Using bagging/pasting, "once all predictors are trained, the ensemble can make a prediction for a new instance by simply aggregating the predictions of all predictors. The aggregation function is typically the *statistical mode*... for classification, or the average for regression. Each individual predictor has a higher bias than if it were trained on the original training set, but the aggregation reduces both bias and variance. Generally, the net result is that the ensemble has a similar bias but a lower variance than a single predictor trained on the original training set."
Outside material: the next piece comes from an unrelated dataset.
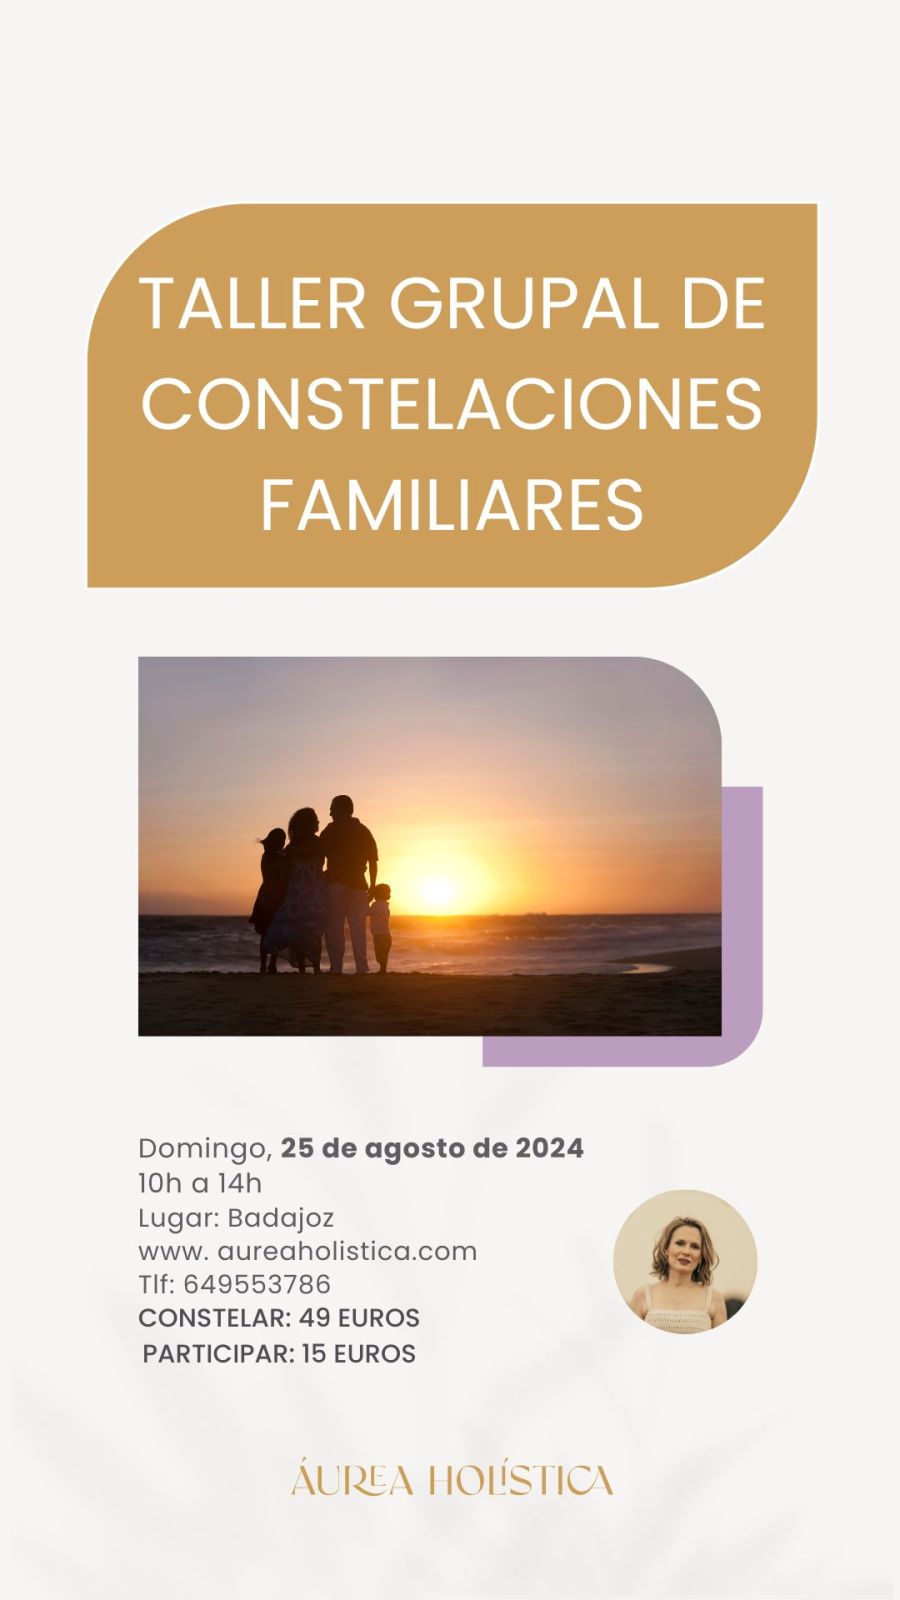 TALLER GRUPAL DE CONSTELACIONES FAMILIARES BADAJOZ | 25 de agosto de 2024

Luckily, predictors can all be trained in parallel, and predictions can be made in parallel, via different CPU cores or even different servers. Therefore, bagging and pasting are very popular methods.

#### Bagging and Pasting in Scikit-Learn

"Scikit-Learn offers a simple API for both bagging and pasting with the `BaggingClassifier` class (or `BaggingRegressor` for regression). The following code trains an ensemble of 500 Decision Tree classifiers, each trained on 100 training instances randomly sampled from the training set with replacement (this is an example of bagging, but if you want to use pasting instead, just set `bootstrap=False`)."

In [19]:
from sklearn.ensemble import BaggingClassifier
from sklearn.tree import DecisionTreeClassifier

bag_clf = BaggingClassifier(
    DecisionTreeClassifier(), n_estimators=500,
    max_samples=100, bootstrap=True, n_jobs=-1)
bag_clf.fit(x_train, y_train)
y_pred = bag_clf.predict(x_test)

In [20]:
accuracy_score(y_test, y_pred)

0.884

#### Out-of-Bag Evaluation

With bagging, most estimators will only see ~63% of the training data and miss ~37%. Which instances are included in the "missed" and "trained on" columns changes for each estimator, so all the data is likely seen by the ensemble. However, we can take the 37% missed on each estimator and use that for evaluations, "without the need for a separate validation set or cross-validation. You can evaluate the ensemble itself by averaging out the **out-of-bag** (oob) instances of each predictor."

In [22]:
bag_clf = BaggingClassifier(
    DecisionTreeClassifier(), n_estimators=500,
    bootstrap=True, n_jobs=-1, oob_score=True)
bag_clf.fit(x_train, y_train)
bag_clf.oob_score_

0.848

The out of bag evaluation is a pretty good indicator for how well the whole ensemble will do on the test set.